Answer
To prove the limit, prove that given $\epsilon\gt0$ there exists a $\delta\gt0$ such that for all $x$ $$0\lt|x-9|\lt\delta\Rightarrow|f(x)-2|\lt\epsilon$$
Work Step by Step
$$\lim_{x\to9}\sqrt{x-5}=2$$
Our job is to prove that given $\epsilon\gt0$ there exists a $\delta\gt0$ such that for all $x$ $$0\lt|x-9|\lt\delta\Rightarrow|f(x)-2|\lt\epsilon$$
1) Solve the inequality $|f(x)-2|\lt\epsilon$ to find an open interval containing $x=9$ on which the inequality holds for all $x\ne9$
$$|f(x)-2|\lt\epsilon$$ $$|\sqrt{x-5}-2|\lt\epsilon$$ $$-\epsilon\lt\sqrt{x-5}-2\lt\epsilon$$ $$2-\epsilon\lt\sqrt{x-5}\lt2+\epsilon$$
Square all sides: $$(2-\epsilon)^2\lt x-5\lt(2+\epsilon)^2$$ $$4-4\epsilon+\epsilon^2\lt x-5\lt4+4\epsilon+\epsilon^2$$ $$9-4\epsilon+\epsilon^2\lt x\lt 9+4\epsilon+\epsilon^2$$
So the open interval on which the inequality holds is $( 9-4\epsilon+\epsilon^2, 9+4\epsilon+\epsilon^2)$.
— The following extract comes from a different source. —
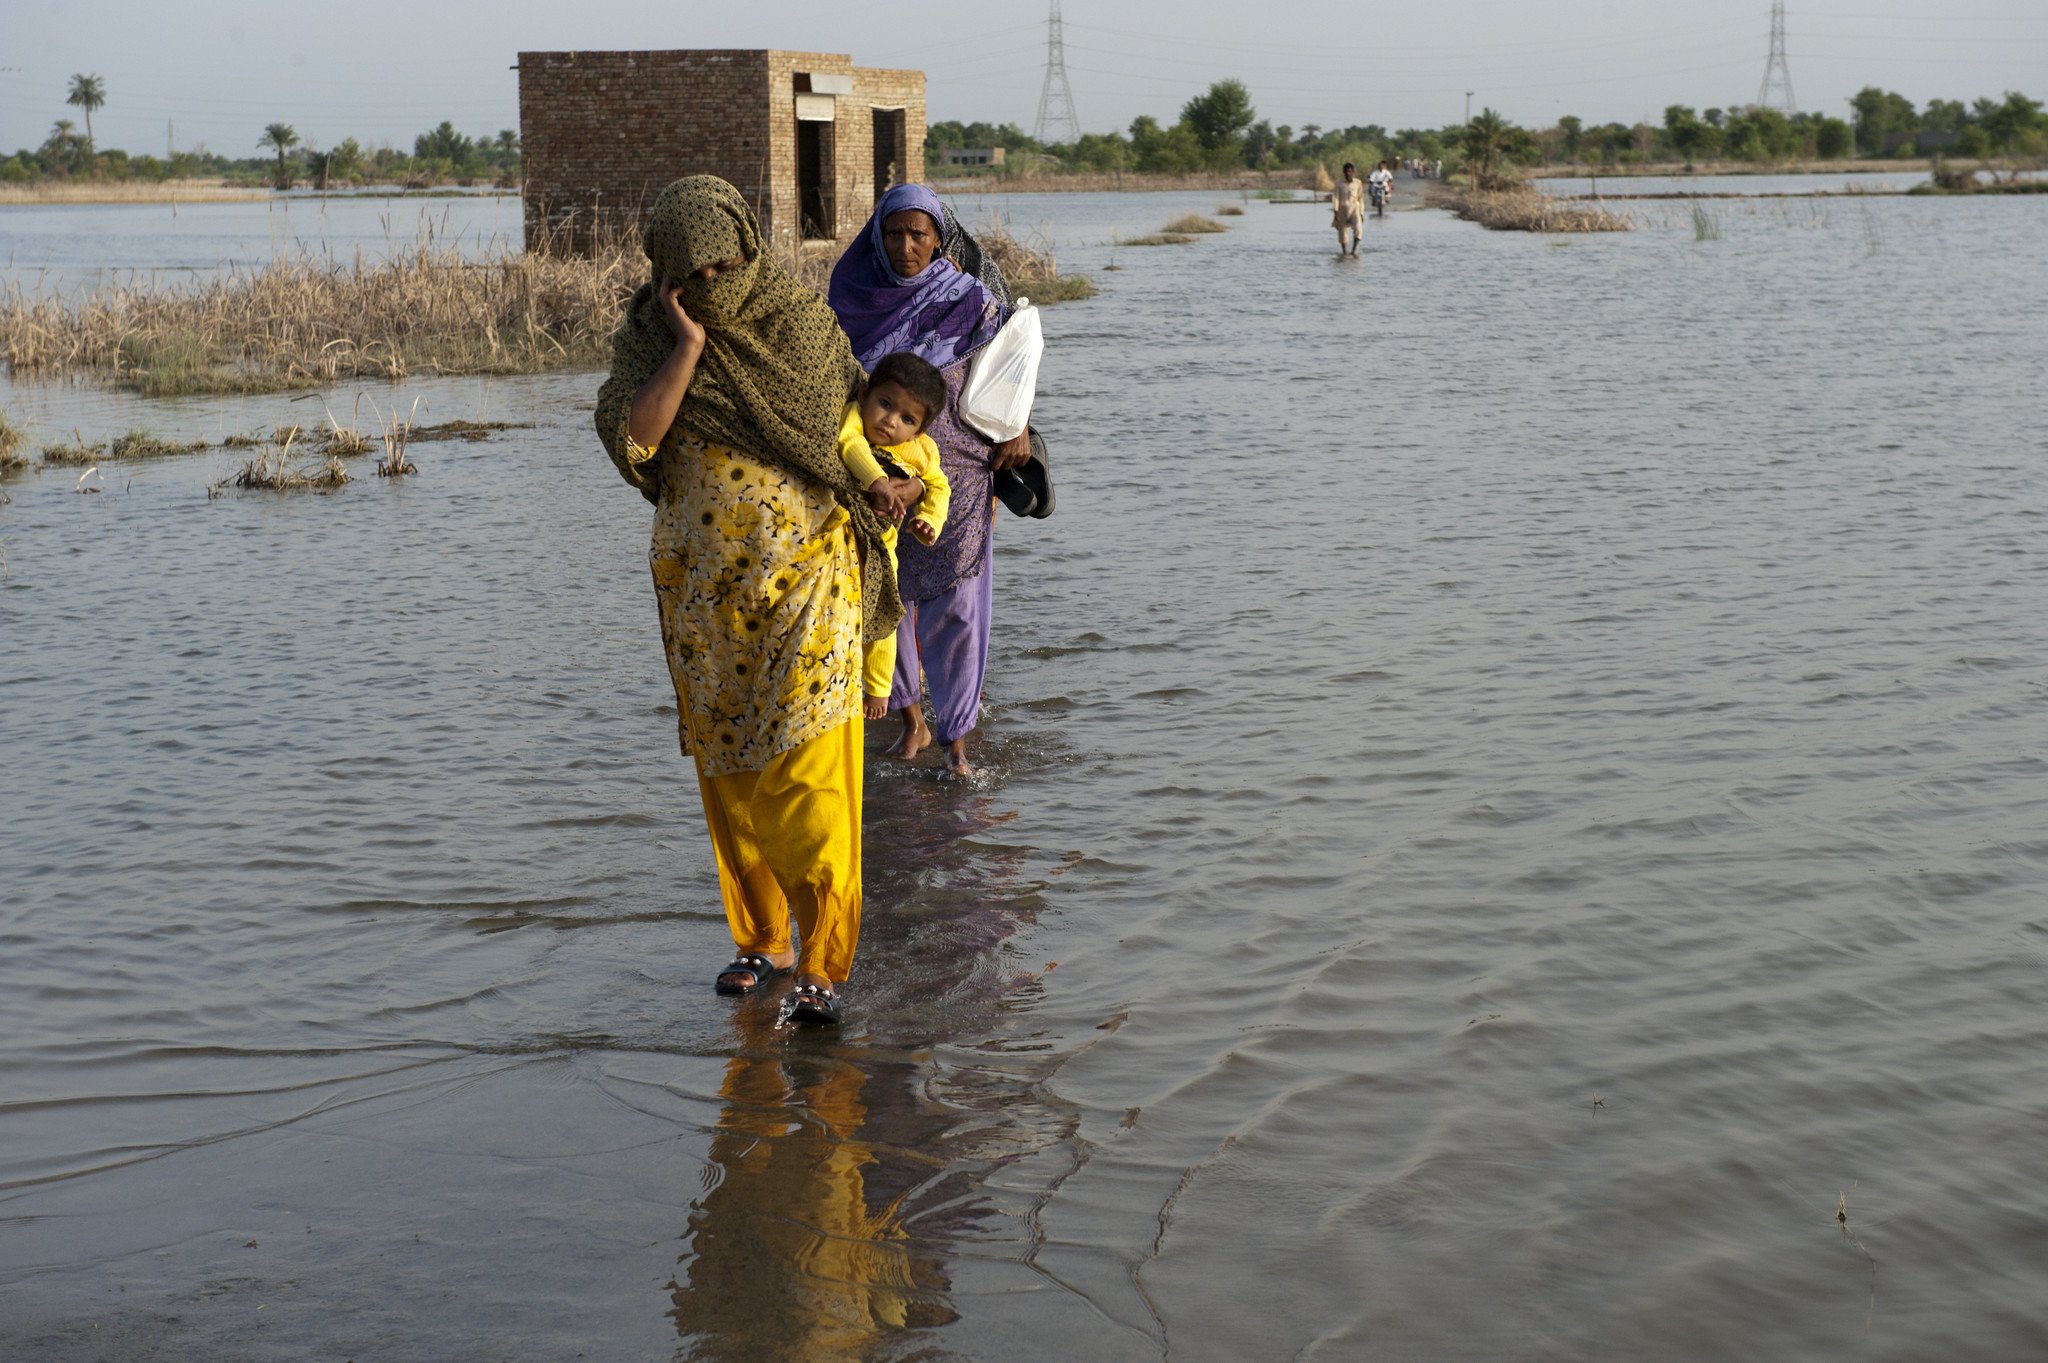 A family crosses the flooded streets of Pakistan. Credit: ADB

2) Find a value of $\delta\gt0$ that places the centered interval $(9-\delta,9+\delta)$ inside the interval $( 9-4\epsilon+\epsilon^2, 9+4\epsilon+\epsilon^2)$
Take $\delta$ to be the distance from $9$ to the nearer endpoint of $( 9-4\epsilon+\epsilon^2, 9+4\epsilon+\epsilon^2)$. In other words, $\delta=\min(9-(9-4\epsilon+\epsilon^2),(9+4\epsilon+\epsilon^2)-9)=\min(4\epsilon-\epsilon^2,4\epsilon+\epsilon^2)$
So if $\delta$ has this or any smaller positive value, then the constraint $0\lt|x-9|\lt\delta$ will automatically place $x$ between $9-4\epsilon+\epsilon^2$ and $9+4\epsilon+\epsilon^2$ so that $|f(x)-2|\lt\epsilon$.
That means for all $x$, $$0\lt|x-9|\lt\delta\Rightarrow|f(x)-2|\lt\epsilon$$
This completes our proof.